(Beginning of AVAILABLE DATA)
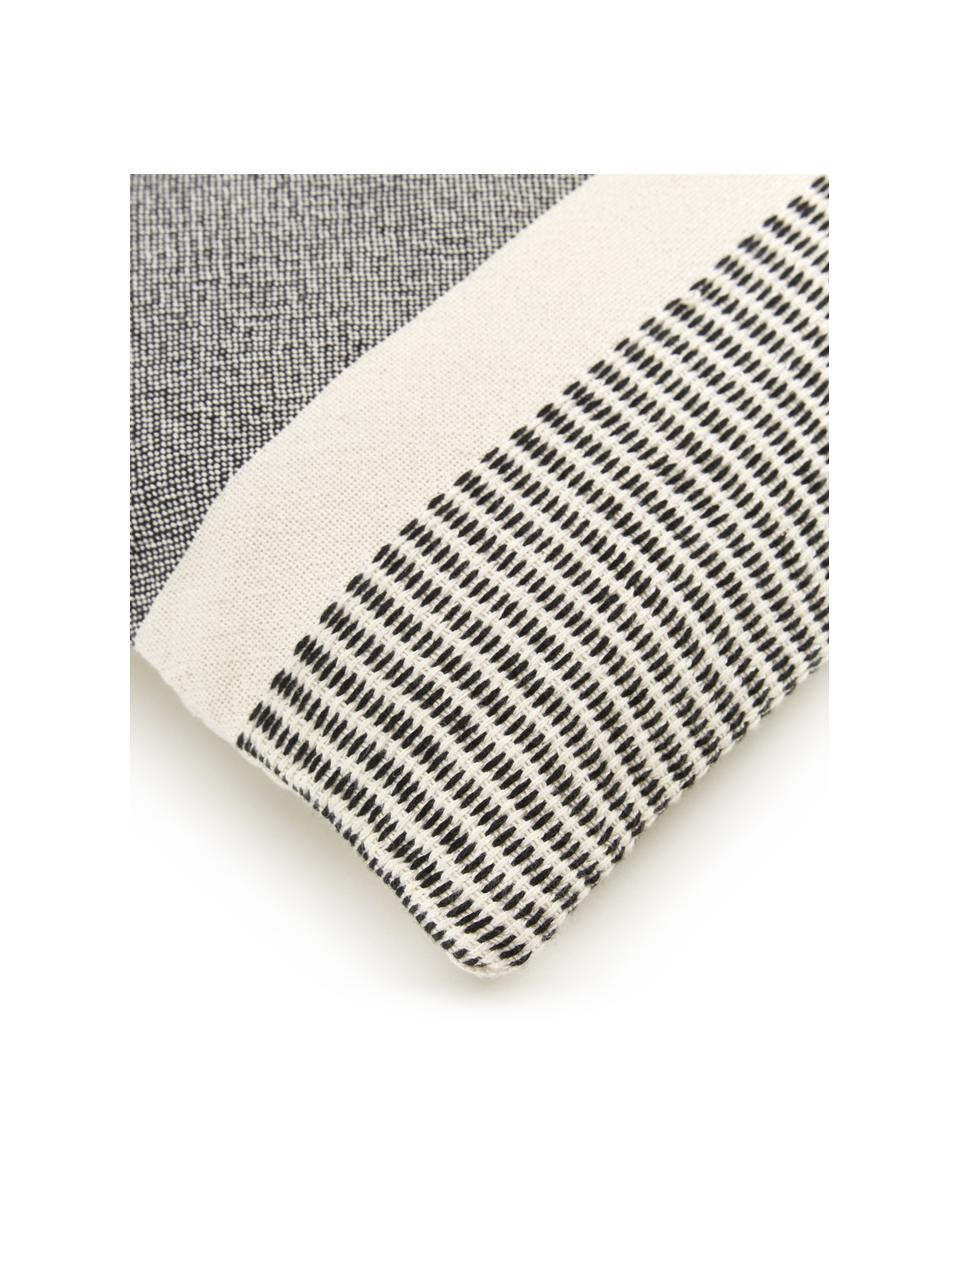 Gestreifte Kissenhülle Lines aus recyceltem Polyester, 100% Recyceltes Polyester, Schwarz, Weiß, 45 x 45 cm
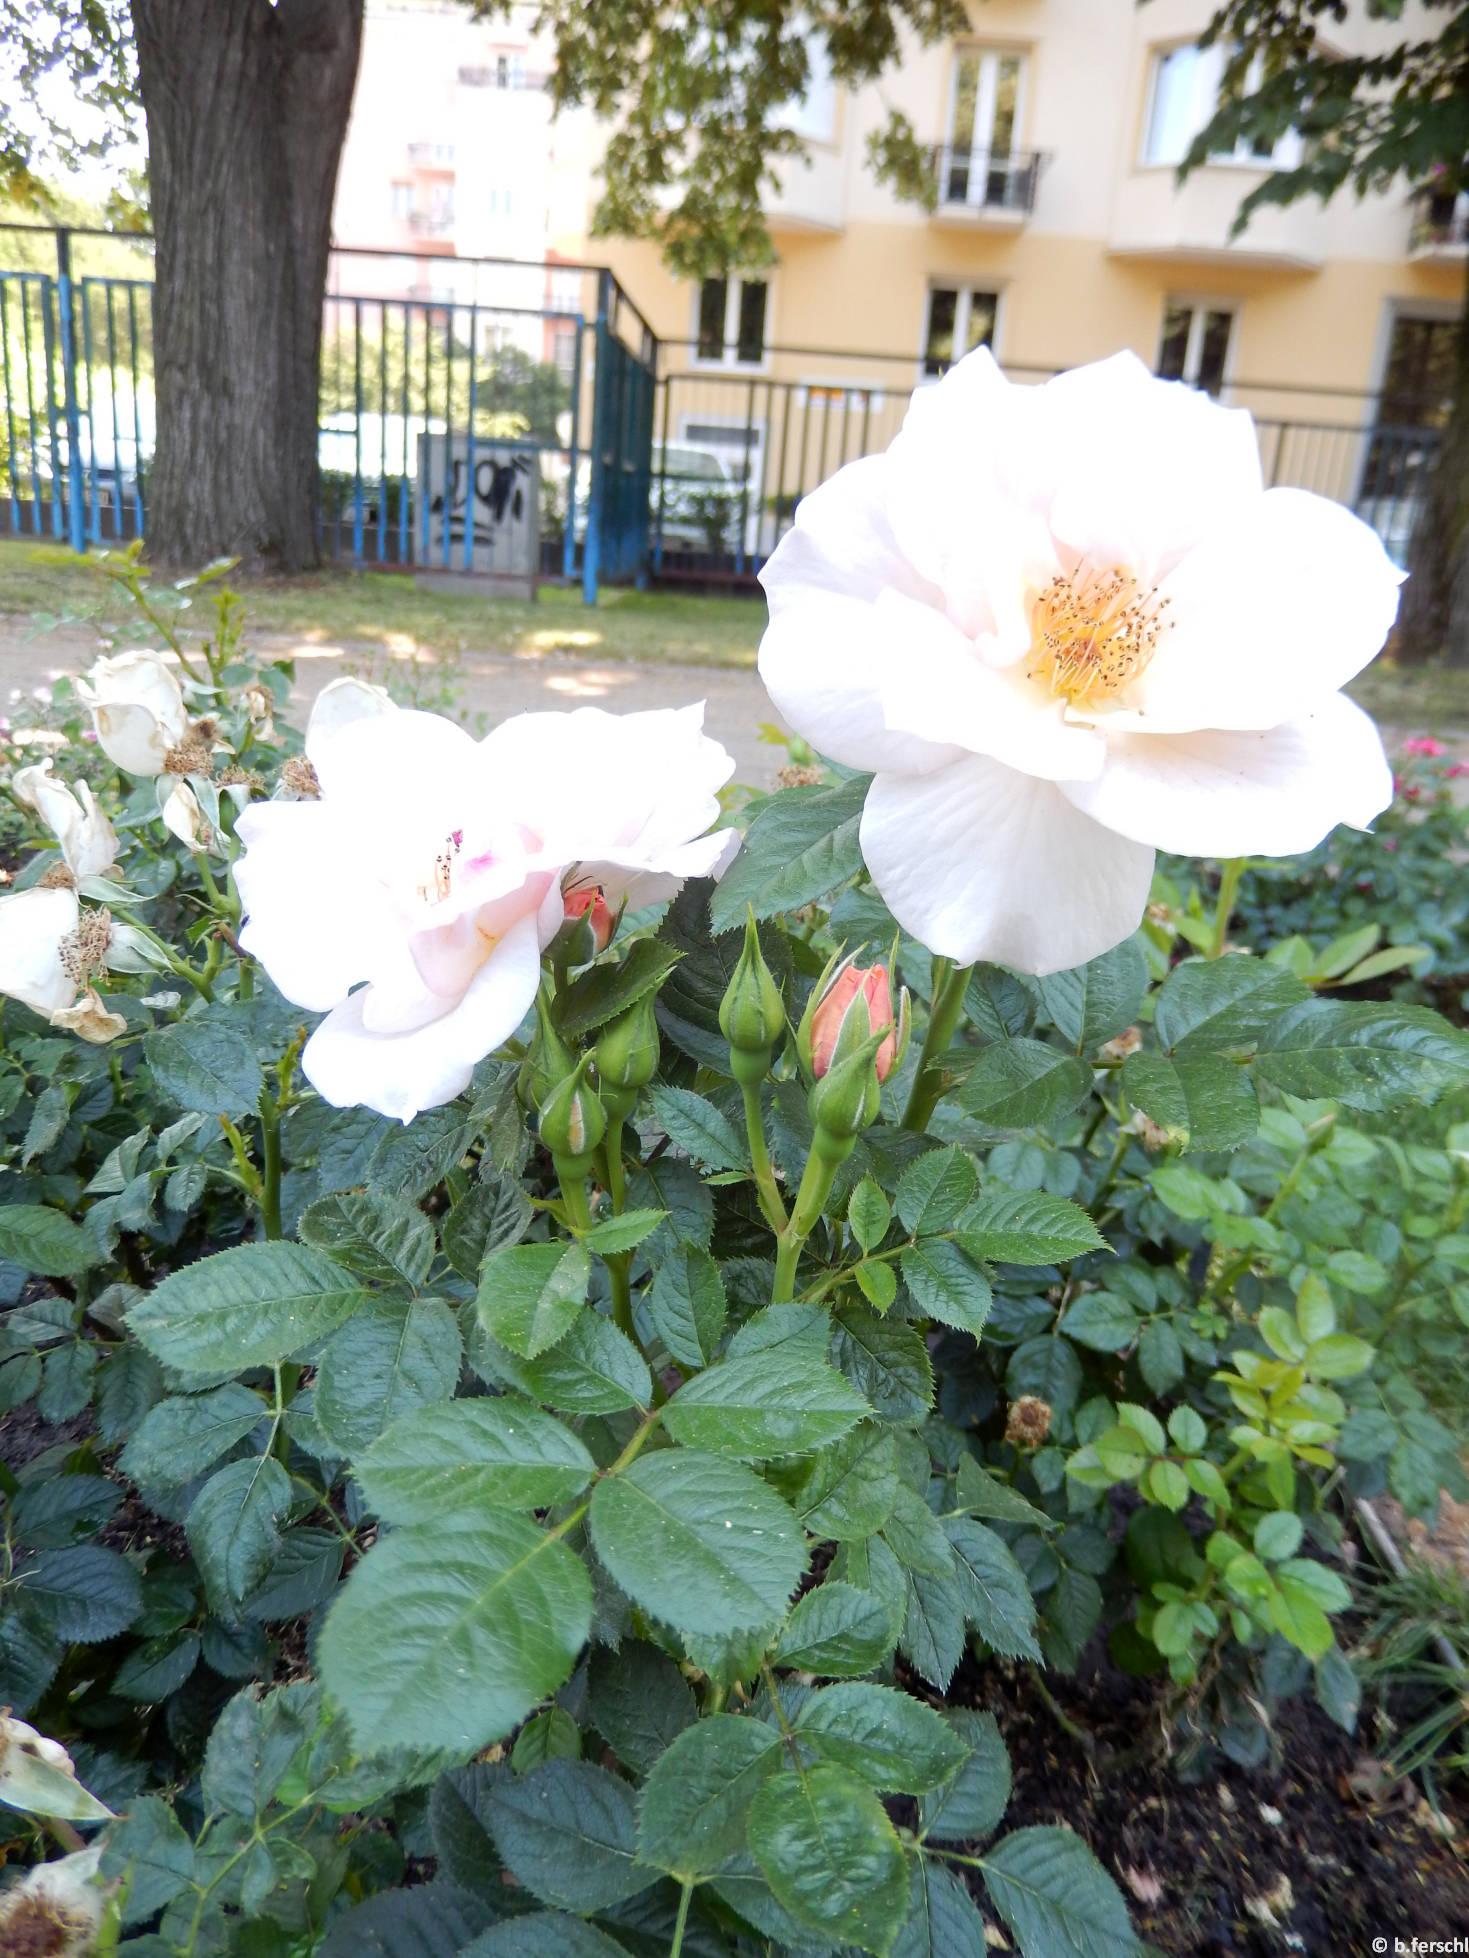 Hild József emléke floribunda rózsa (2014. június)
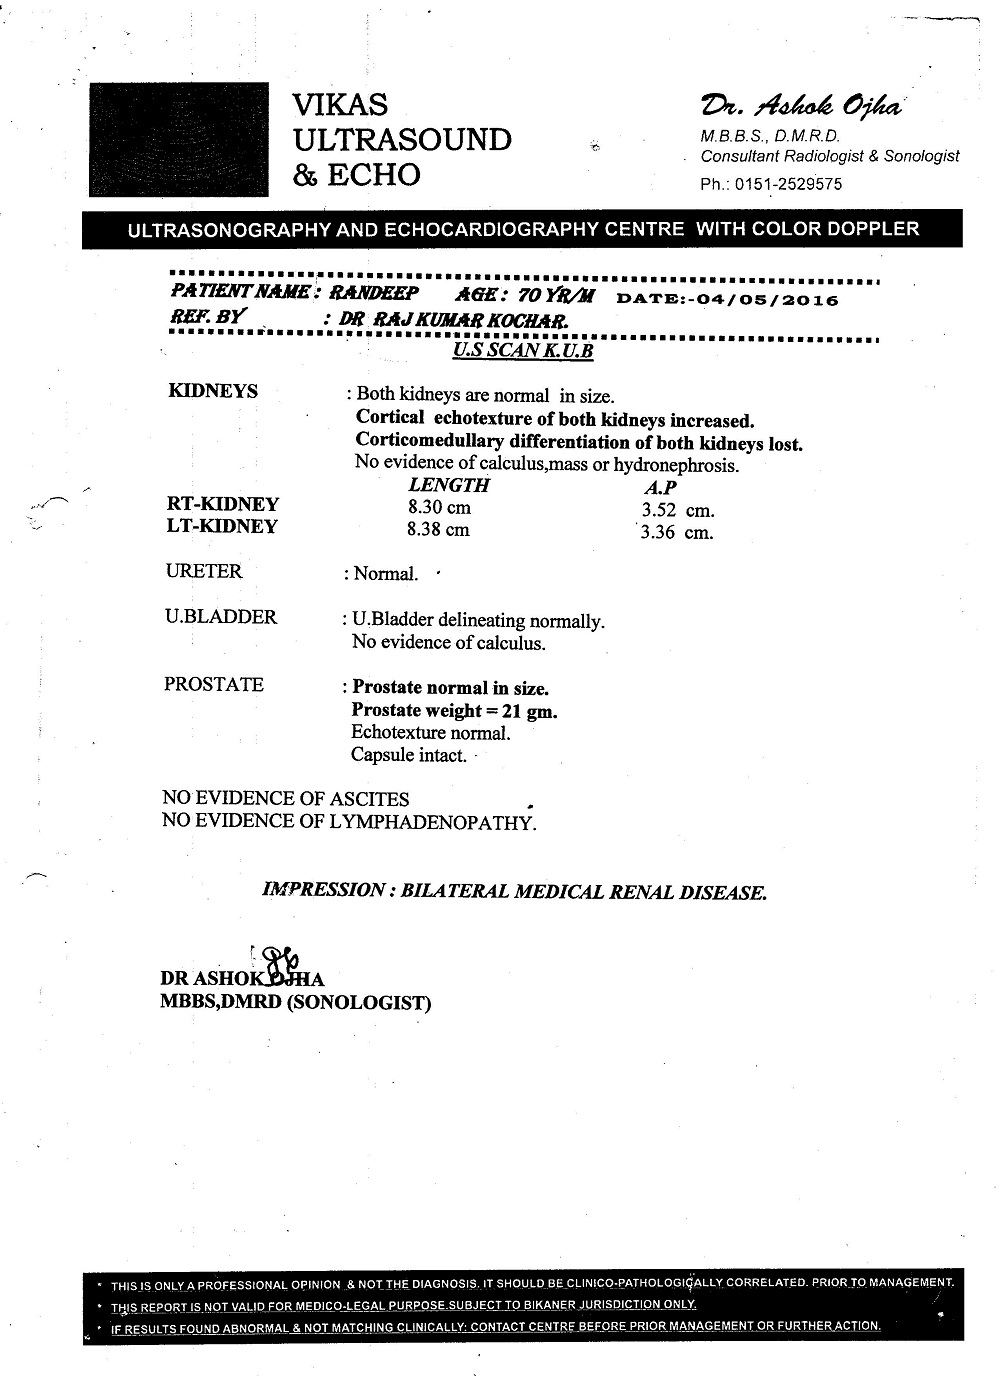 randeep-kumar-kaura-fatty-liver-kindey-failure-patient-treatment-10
(End of AVAILABLE DATA)
**INSTRUCTIONS TO FOLLOW:** Leaving the pictures aside, write out only the lines from the one containing "Hild József emléke" through the end of the material, exactly as they stand.

**RESULT:**
 Hild József emléke floribunda rózsa (2014. június)
 randeep-kumar-kaura-fatty-liver-kindey-failure-patient-treatment-10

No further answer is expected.